# Chief 10 year old



## Narny (Sep 8, 2010)

Adoptable German Shepherd Dog: Chief*: Petfinder

Chief is a very laid back 10 year old shep. Hes already been there for a few months and they were unable to give me a time frame on how much time he has left there. The adoption fee is 97$ for an individual. This covers neuter and shots. 

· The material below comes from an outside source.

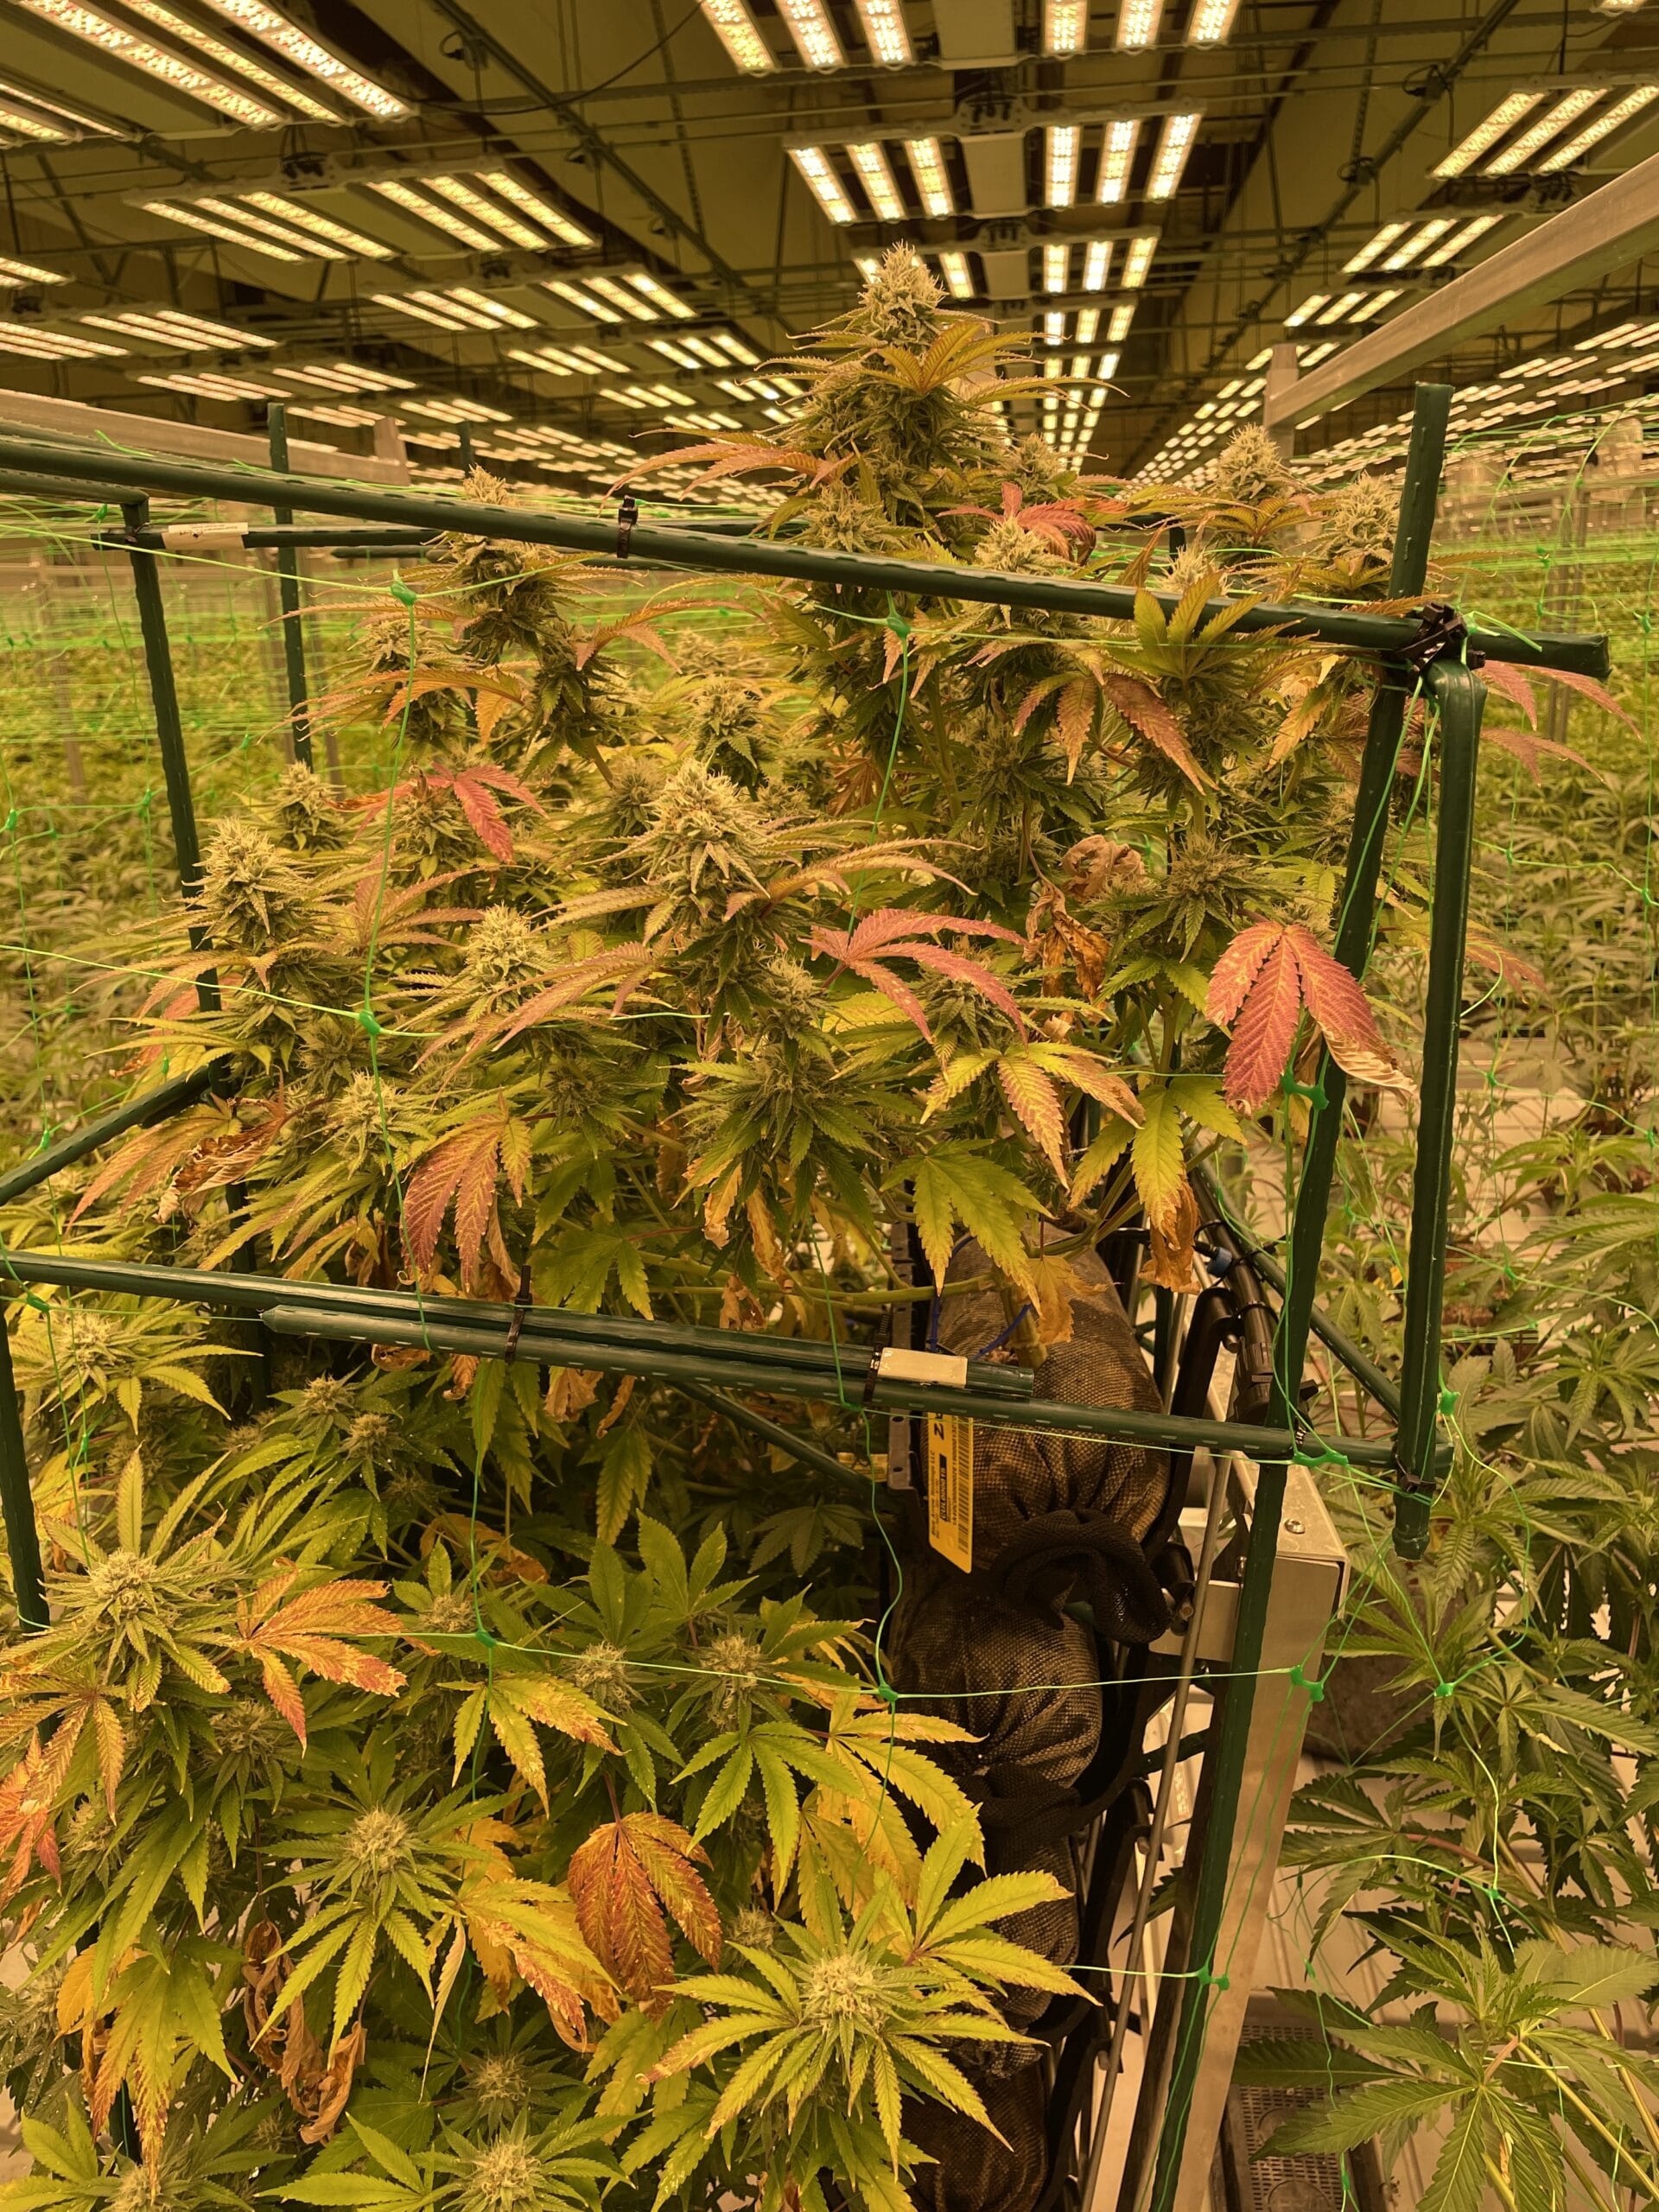 Maturing cannabis plants
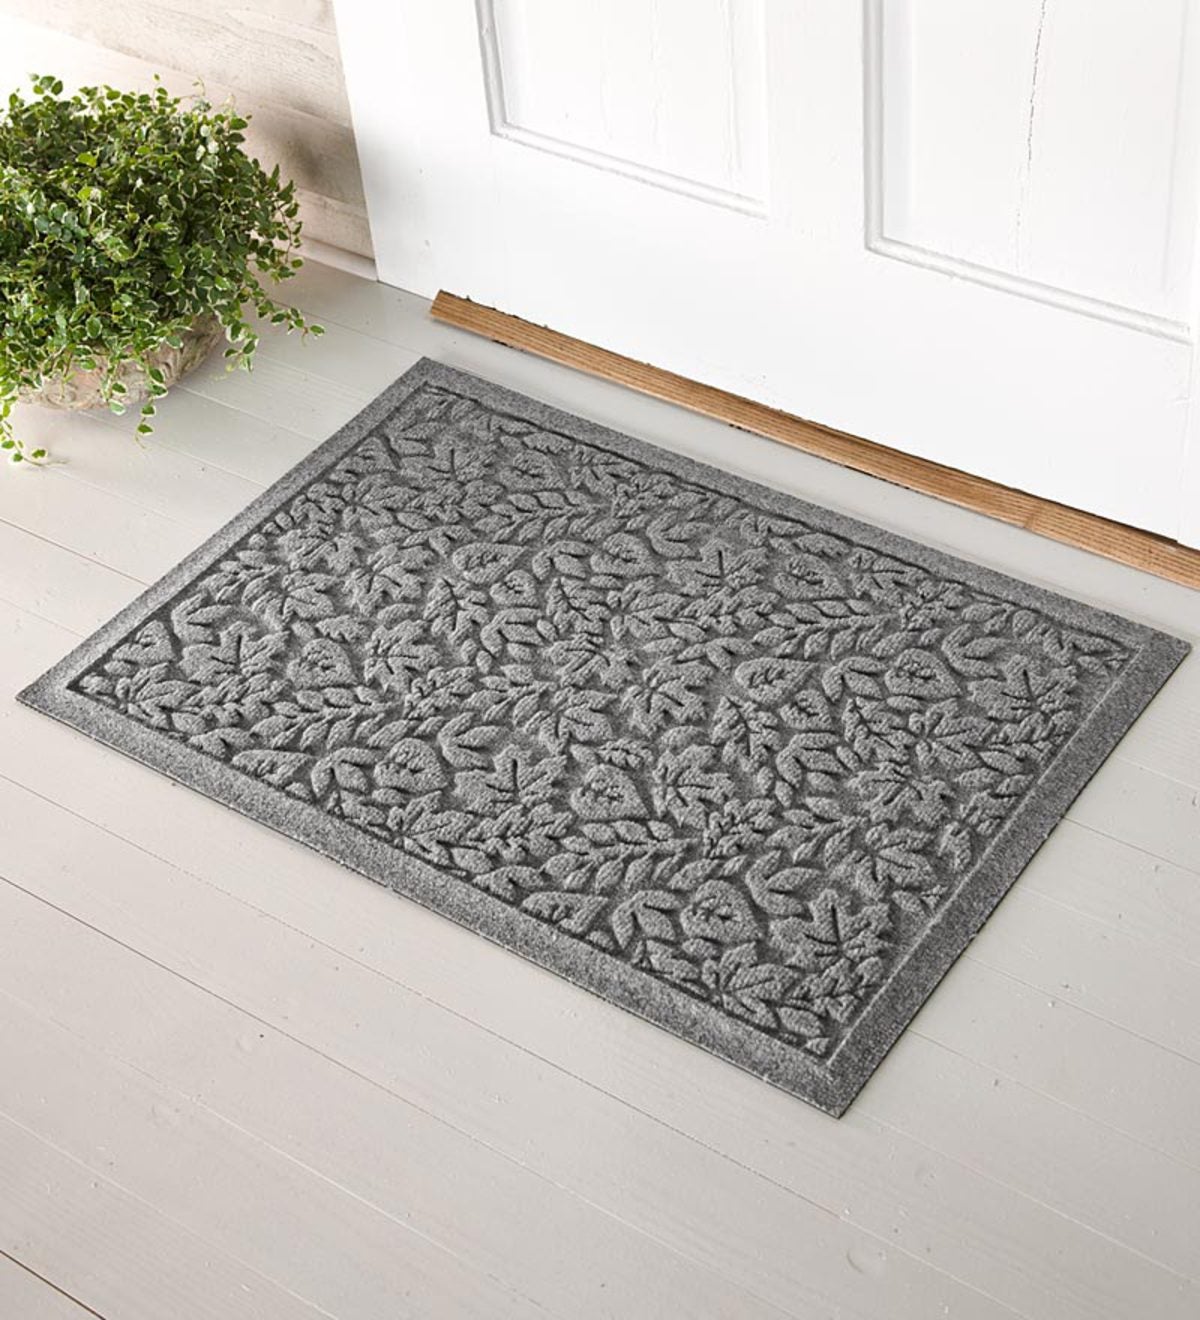 22-1/2”W x 35-1/4”L Medium Leaves Waterhog Doormat - Dark Gray

He is being kept at the Pasadena animal control on Burk Rd if anyone can take him in.


----------



## pamela berger (Jun 19, 2008)

This sweet guy is waiting for a forever home and time is running out. Come by the shelter and ask for ID#65172 if you would like to meet him

*My Contact Info*


Pasadena Animal Control and Adoption
Pasadena, TX
281-991-0602


----------



## MaggieRoseLee (Aug 17, 2001)




----------



## Narny (Sep 8, 2010)

Called to check on him today... there are 3 different people trying to adopt him! Such a handsome guy.


----------



## Anja1Blue (Feb 27, 2008)

Well I hope he gets lucky! He looks distinguished, and very deserving of a loving new home.
________________________________________
Susan

Anja SchH3 GSD
Conor GSD
Blue BH WH T1 GSD - waiting at the Bridge


----------